[Dataset items]
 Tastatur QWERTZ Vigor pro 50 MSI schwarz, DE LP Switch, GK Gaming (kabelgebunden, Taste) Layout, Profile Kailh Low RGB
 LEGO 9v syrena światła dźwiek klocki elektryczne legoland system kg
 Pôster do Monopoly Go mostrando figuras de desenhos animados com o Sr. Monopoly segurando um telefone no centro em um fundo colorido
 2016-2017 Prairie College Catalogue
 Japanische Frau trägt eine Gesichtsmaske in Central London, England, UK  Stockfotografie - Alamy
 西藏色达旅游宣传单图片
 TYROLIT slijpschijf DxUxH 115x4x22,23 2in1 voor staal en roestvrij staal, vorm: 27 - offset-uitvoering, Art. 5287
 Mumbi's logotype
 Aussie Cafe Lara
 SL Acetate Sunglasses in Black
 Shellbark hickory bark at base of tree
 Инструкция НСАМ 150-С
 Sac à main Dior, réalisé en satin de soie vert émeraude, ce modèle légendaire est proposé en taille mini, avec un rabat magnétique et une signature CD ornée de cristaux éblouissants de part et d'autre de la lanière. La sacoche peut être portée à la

=== PROBLEM STATEMENT ===
Extract all of the data above and output it character for character.

=== EXPECTED OUTPUT ===
 Tastatur QWERTZ Vigor pro 50 MSI schwarz, DE LP Switch, GK Gaming (kabelgebunden, Taste) Layout, Profile Kailh Low RGB
 LEGO 9v syrena światła dźwiek klocki elektryczne legoland system kg
 Pôster do Monopoly Go mostrando figuras de desenhos animados com o Sr. Monopoly segurando um telefone no centro em um fundo colorido
 2016-2017 Prairie College Catalogue
 Japanische Frau trägt eine Gesichtsmaske in Central London, England, UK  Stockfotografie - Alamy
 西藏色达旅游宣传单图片
 TYROLIT slijpschijf DxUxH 115x4x22,23 2in1 voor staal en roestvrij staal, vorm: 27 - offset-uitvoering, Art. 5287
 Mumbi's logotype
 Aussie Cafe Lara
 SL Acetate Sunglasses in Black
 Shellbark hickory bark at base of tree
 Инструкция НСАМ 150-С
 Sac à main Dior, réalisé en satin de soie vert émeraude, ce modèle légendaire est proposé en taille mini, avec un rabat magnétique et une signature CD ornée de cristaux éblouissants de part et d'autre de la lanière. La sacoche peut être portée à la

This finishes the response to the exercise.